Topics covered in this document includes information regarding what is available in a typical GenPipes deployment and how to access it. Besides that it covers details on required software and environment configurations, various kinds of inputs required to run genomic analysis such as command options, configuration details, readset file and design file. There are example runs highlighting how to issue the pipeline commands with requisite inputs and pipeline specific configurations.

GenPipes Executable

GenPipes framework can be used to perform various genomic analysis corresponding to the available pipelines. GenPipes is a command line tool. The underlying object-oriented framework is developed in Python. It simplifies the development of new features and its adaptation to new systems; new workflows can be created by implementing a Pipeline object that inherits features and steps from other existing Pipeline objects.
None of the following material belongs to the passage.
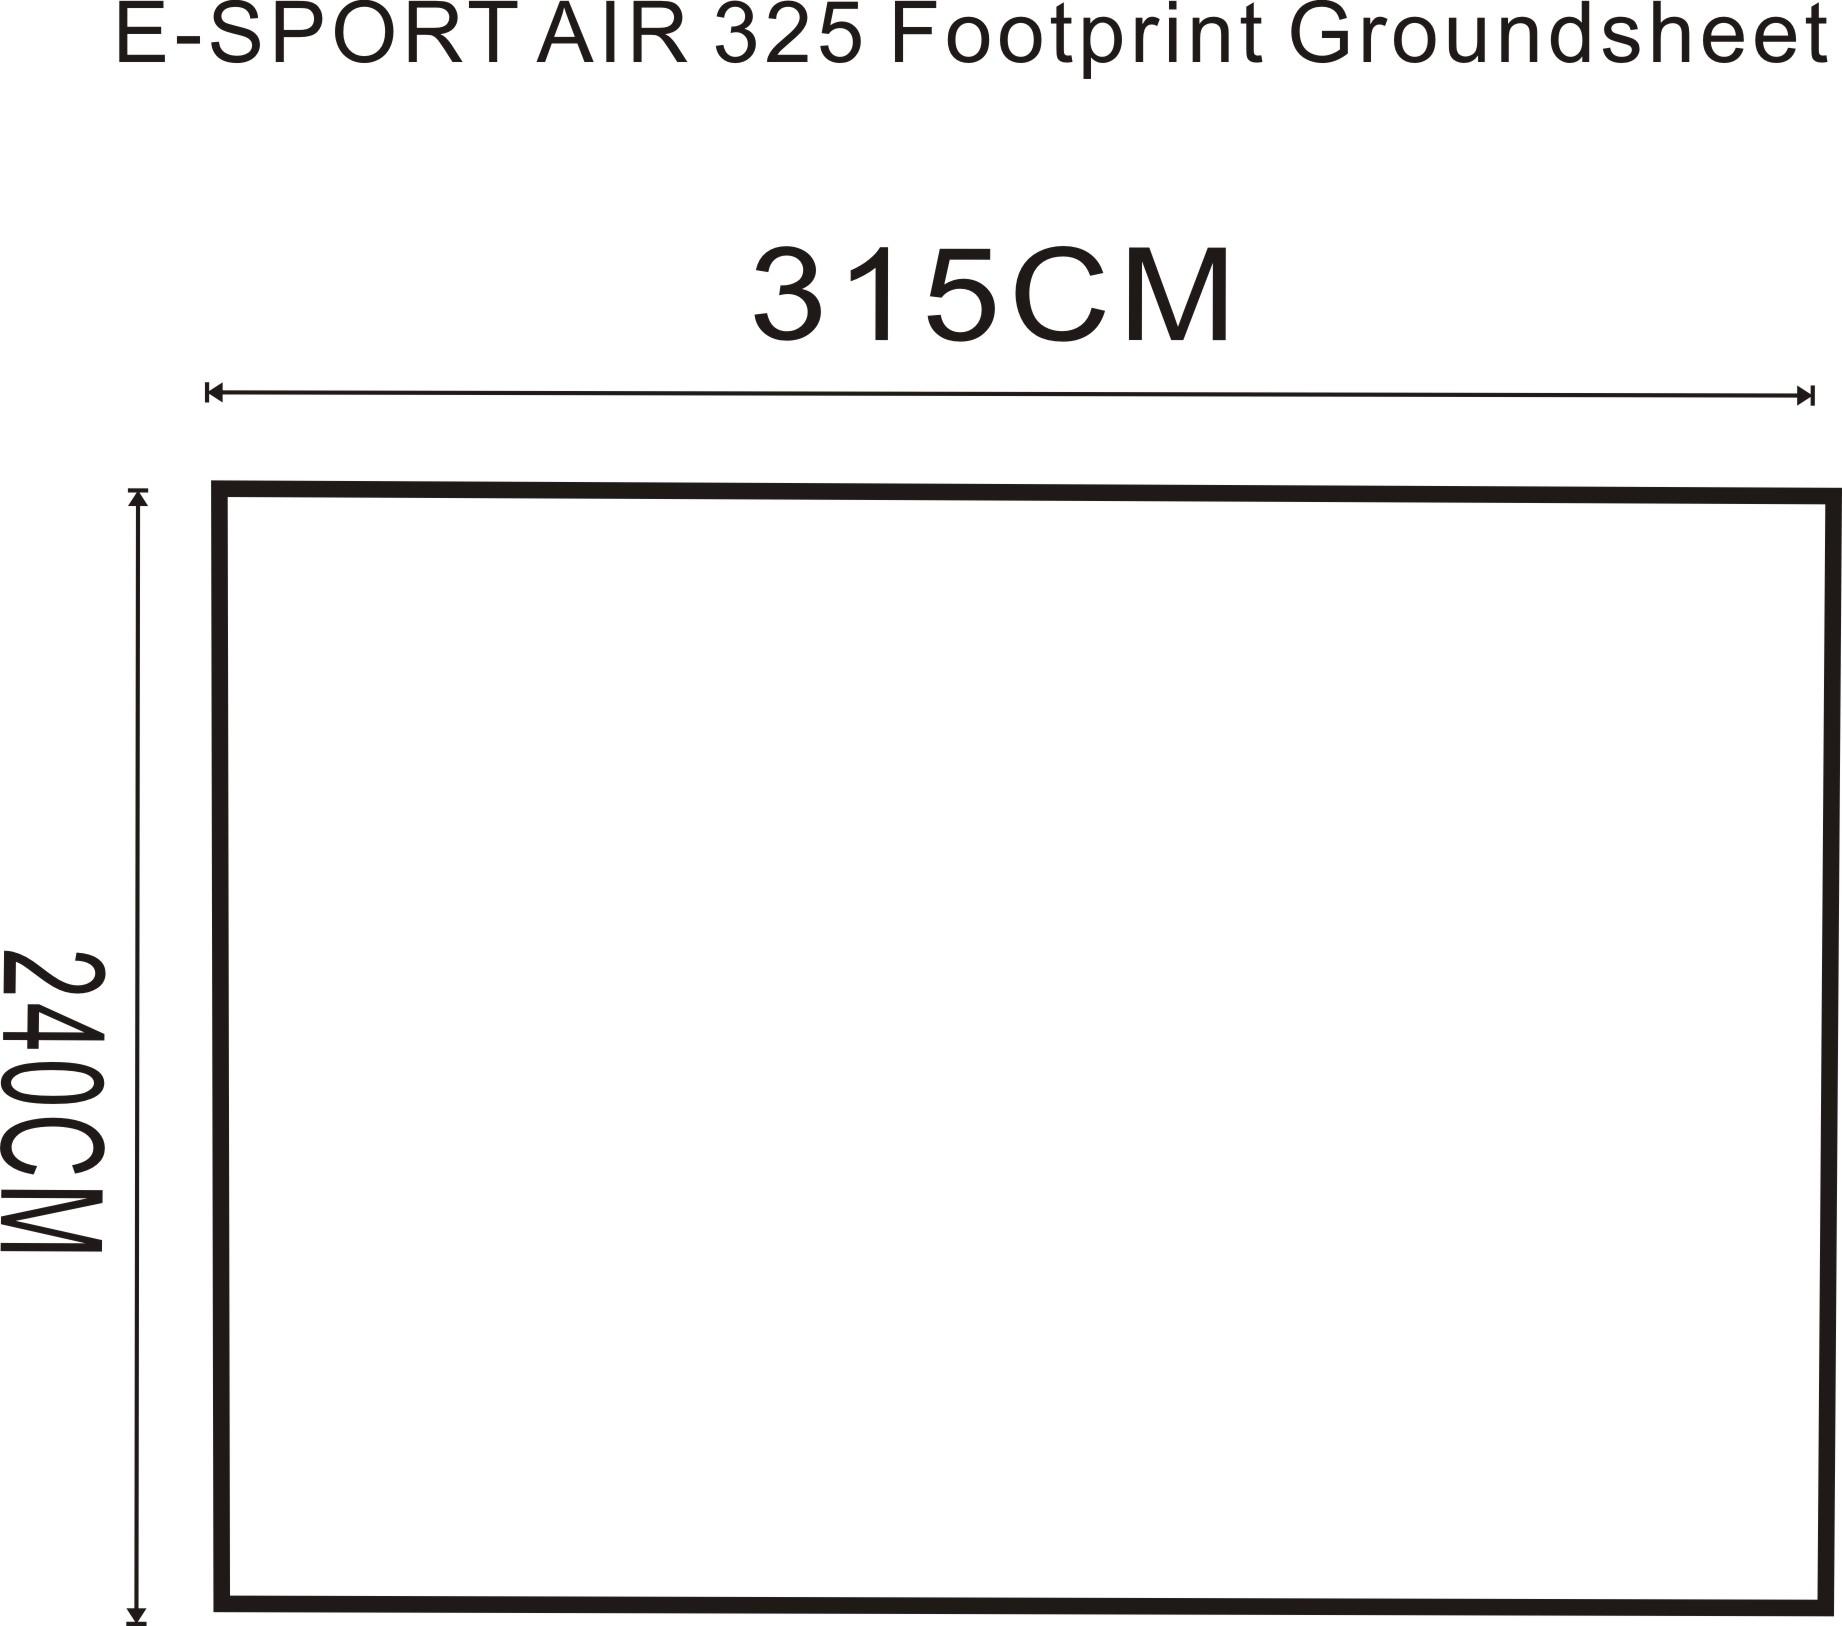 Outdoor Revolution E Sport Air 325 Footprint

Similarly, deploying GenPipes on a new system may only require the development of the corresponding Scheduler object along with specific configuration files. GenPipes’ command execution details have been implemented using a shared library system, which allows the modification of tasks by simply adjusting input parameters. This simplifies code maintenance and makes changes in software versions consistent across all pipelines.

Running GenPipes

Pre-Requisites

Before running GenPipes, you may want to visit the checklist of pre-requisites for GenPipes.

Usage

Here is how you can launch GenPipes. Following is the generic command to run GenPipes:

<pipeline-name>.py -c config -r readset-file -s 1-n -g list-of-commands.txt
bash list-of-commands.txt

where <pipeline-name> refers to one of the available GenPipes Pipelines and step-range-number-1-n refers to the specific steps in the pipeline that need to be executed.

Terminology

In the context of GenPipes, you need to be familiar with the following terms. These constitute inputs and configuration required before you can launch the pipelines.

Launching GenPipes

To launch GenPipes, the following is needed:

  1. Name of the pipeline corresponding to one of the available GenPipes Pipelines.

  2. A readset file that contains information about the samples, indicated using the flag “-r”. GenPipes can aggregate and merge samples as indicated by the readset file.
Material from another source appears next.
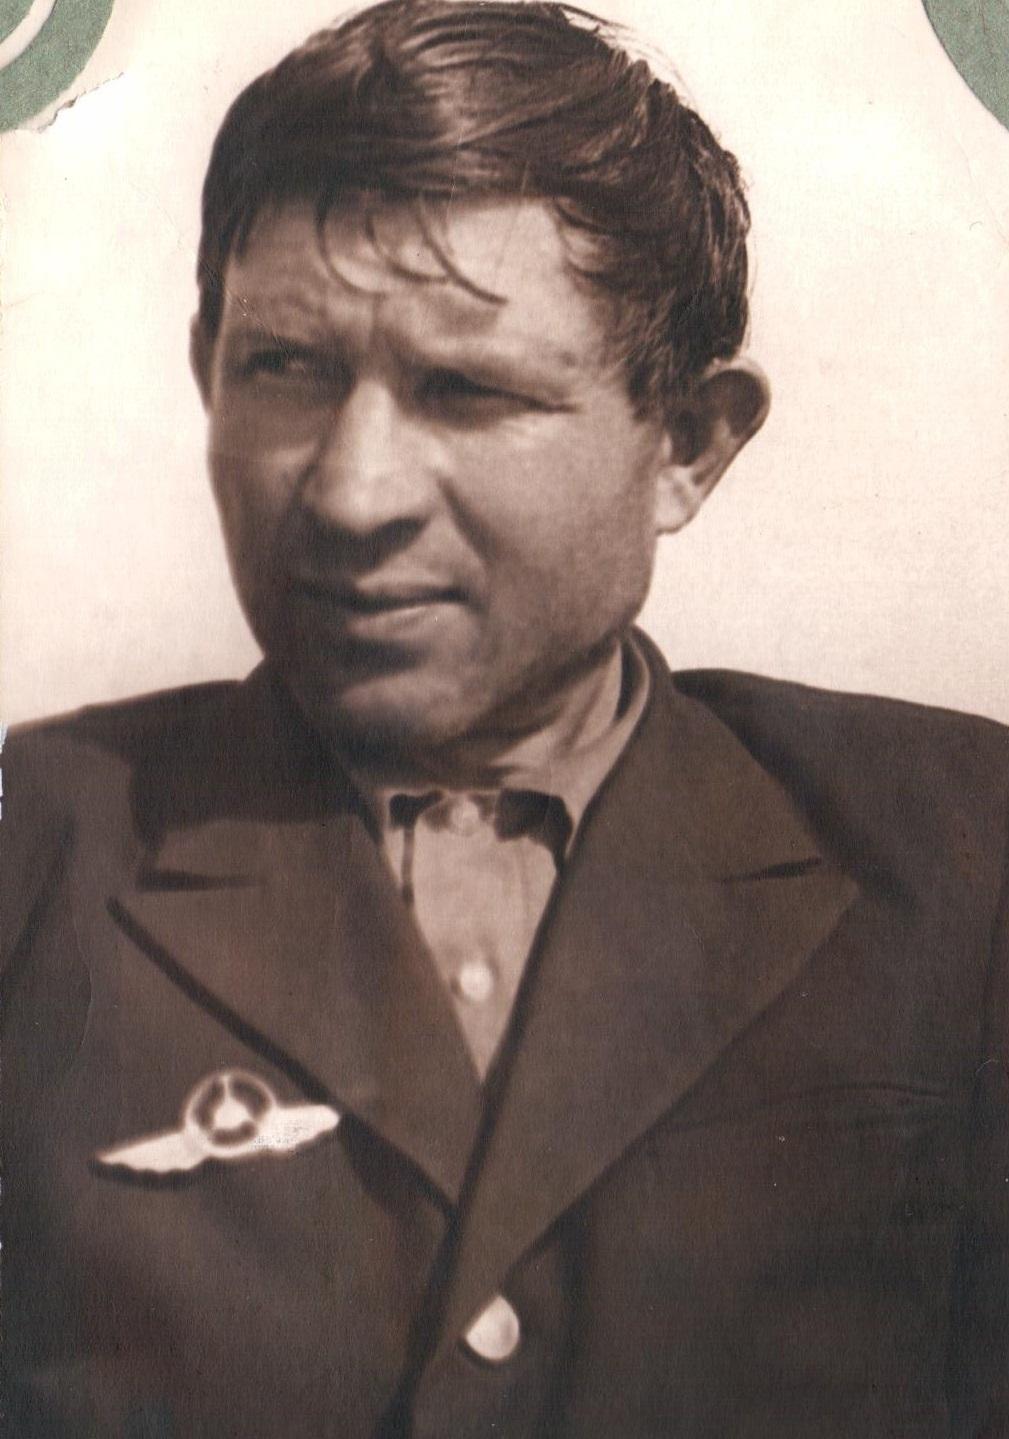 Пахомычев Сергей Иванович 06.09.29.-14.11.86.

  3. Configuration/ini files that contain parameters related to the cluster and the third-party tools, indicated using the flag “-c”. Configuration files are customizable, allowing users to adjust different parameters.
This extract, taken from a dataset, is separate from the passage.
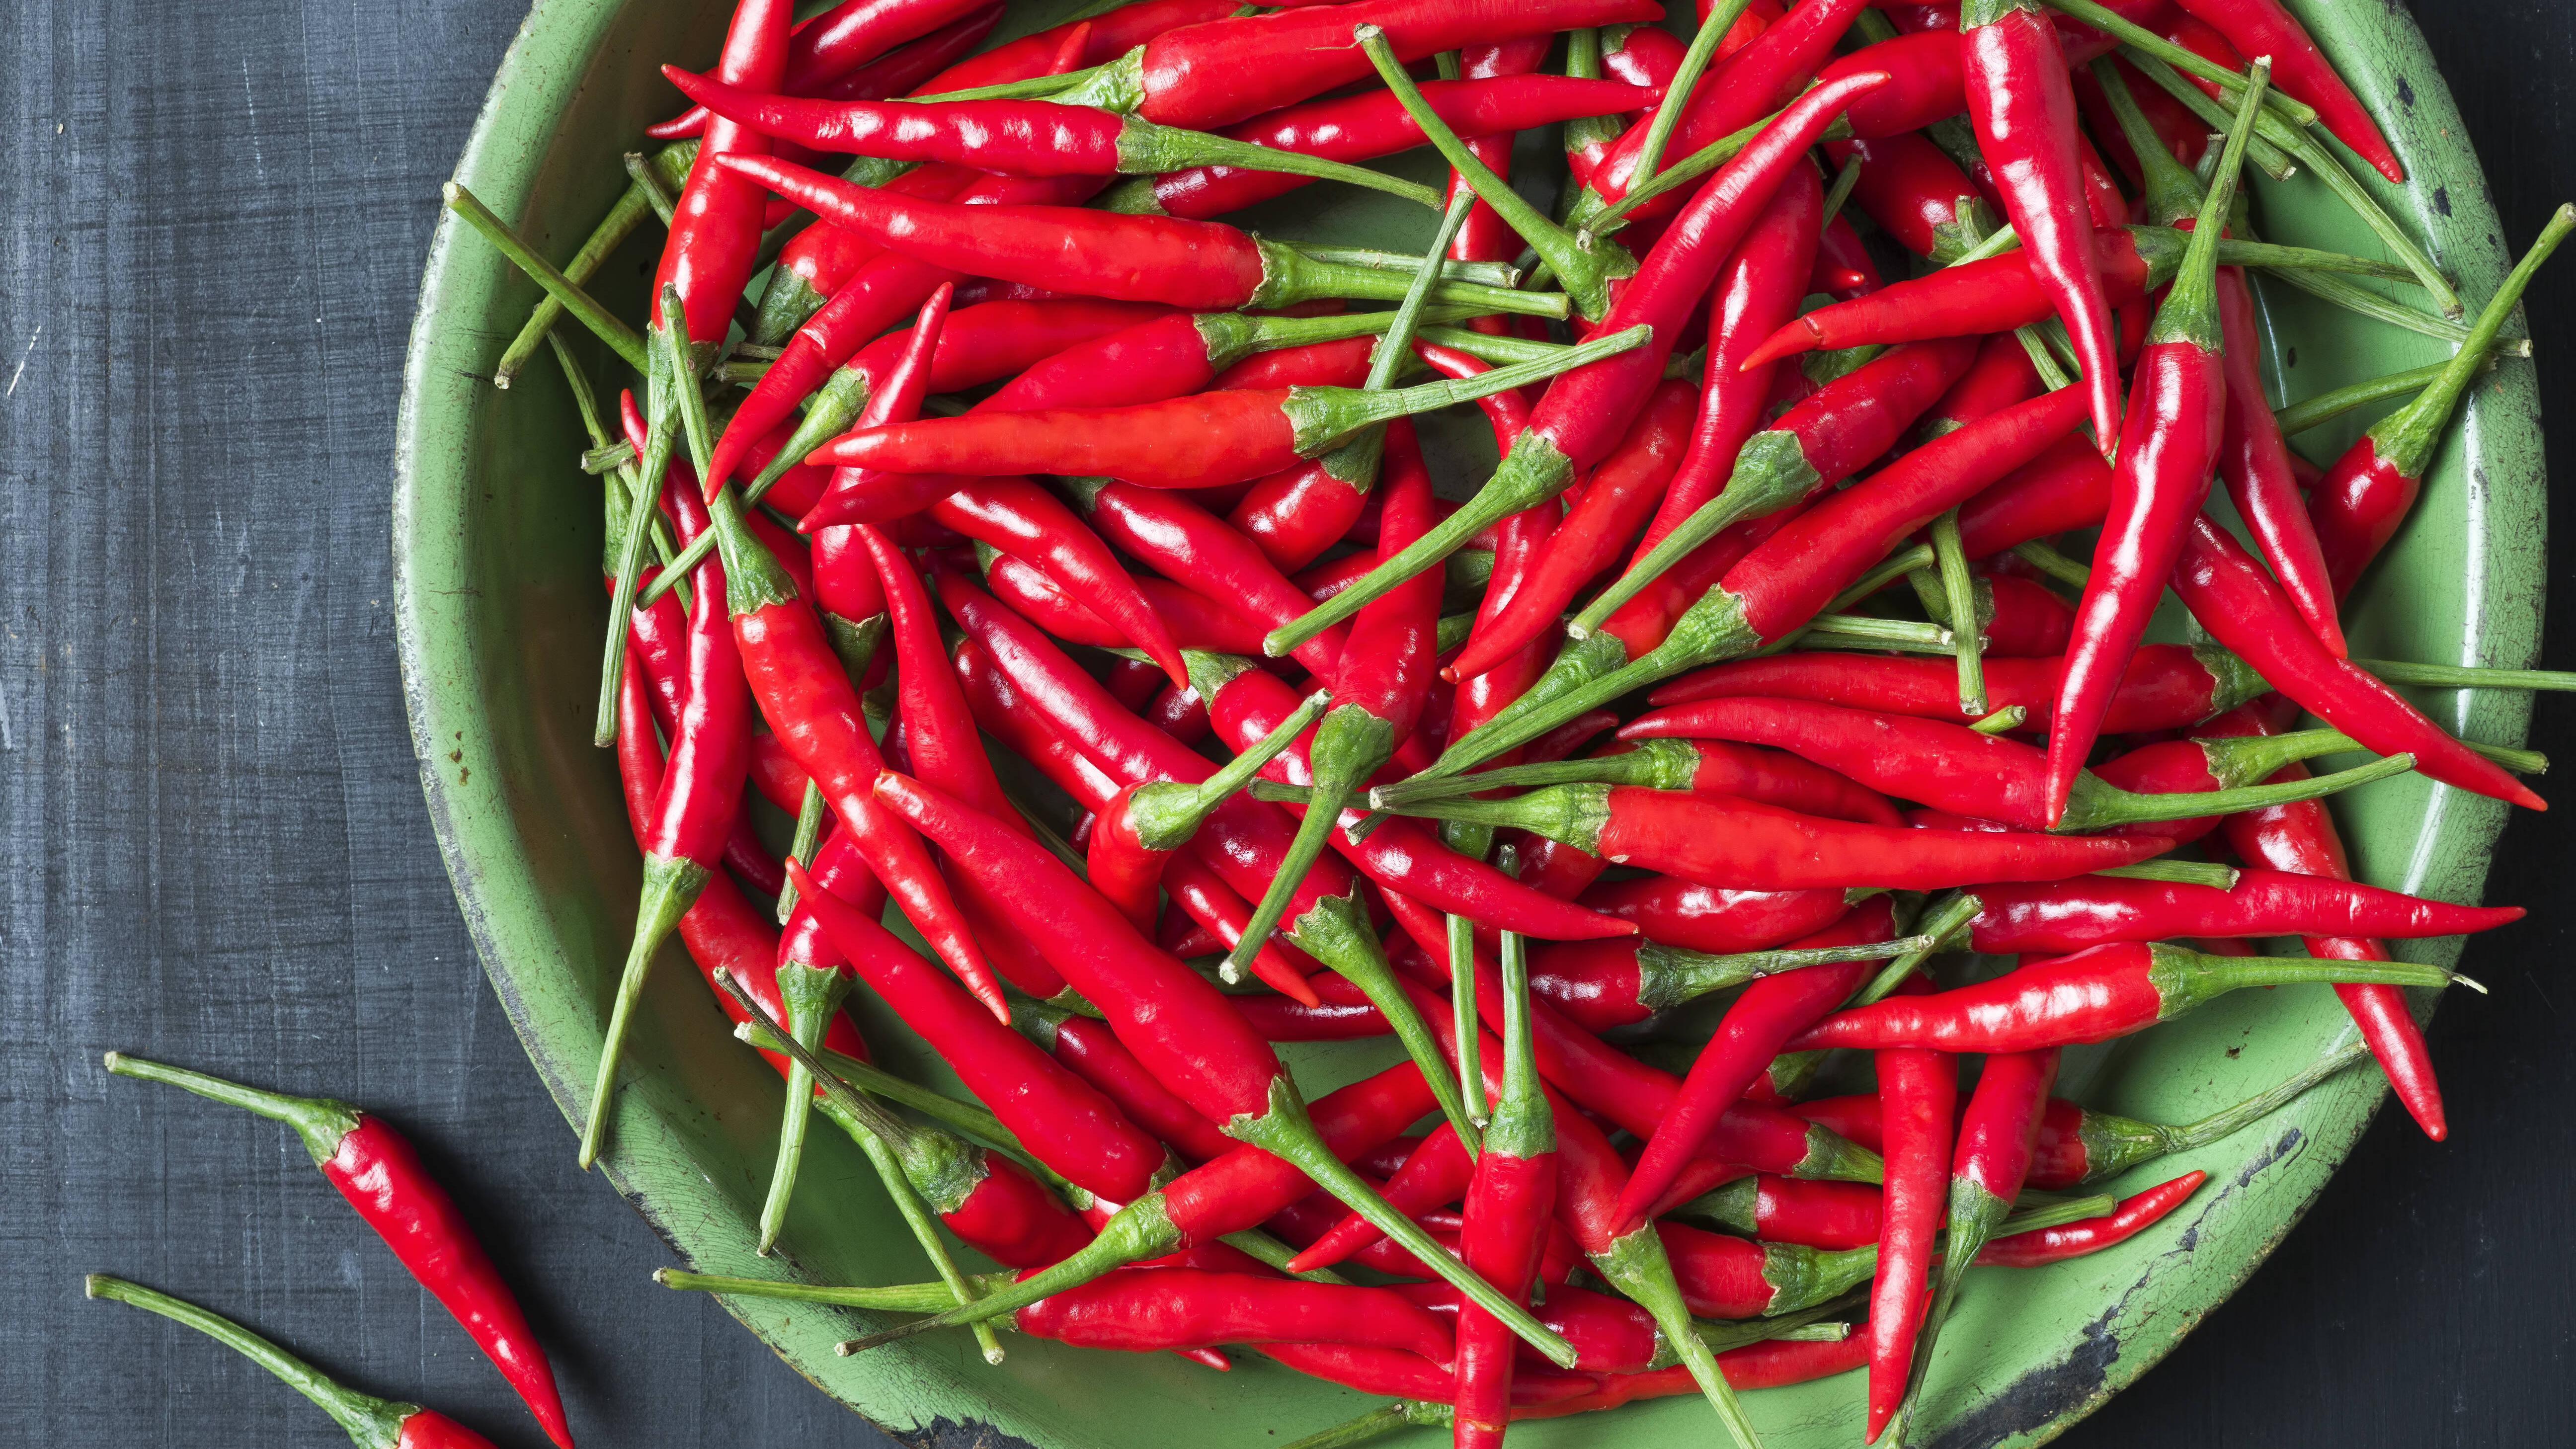 Chili schmeckt nicht nur gut, sondern hat auch viele positive Effekte auf den Körper.

  4. The specific steps to be executed, indicated by the flag “-s”.

In addition to the configuration files and the input readset file, certain pipelines such as ChIP-Seq and RNA sequencing (RNA-Seq), require a design file that describes each contrast. Custom sample groupings can be defined in the design file. Design files are indicated by the flag “-d”. More information on the design file and the content of each file type can be found in the GenPipes User Guide.

../_images/gp_command_profile.png

Example Run

The following example shows how you can run Hi-C sequencing pipeline using GenPipes installed on Compute Canada data centres. Please ensure you have login access to GenPipes servers. Refer to checklist of pre-requisites for GenPipes before you run this example.

We will now run the pipeline using a test dataset. We will use the first 2 million reads from HIC010 from Rao et al. 2014 (SRR1658581.sra). This is an in-situ Hi-C experiment of GM12878 using MboI restriction enzyme.

You need to first download the test dataset by visiting this link:

Hi-C Sequencing Test Dataset

In the downloaded zip file, you will find the two fastq read files in folder “rawData” and will find the readset file (readsets.HiC010.tsv) that describes that dataset.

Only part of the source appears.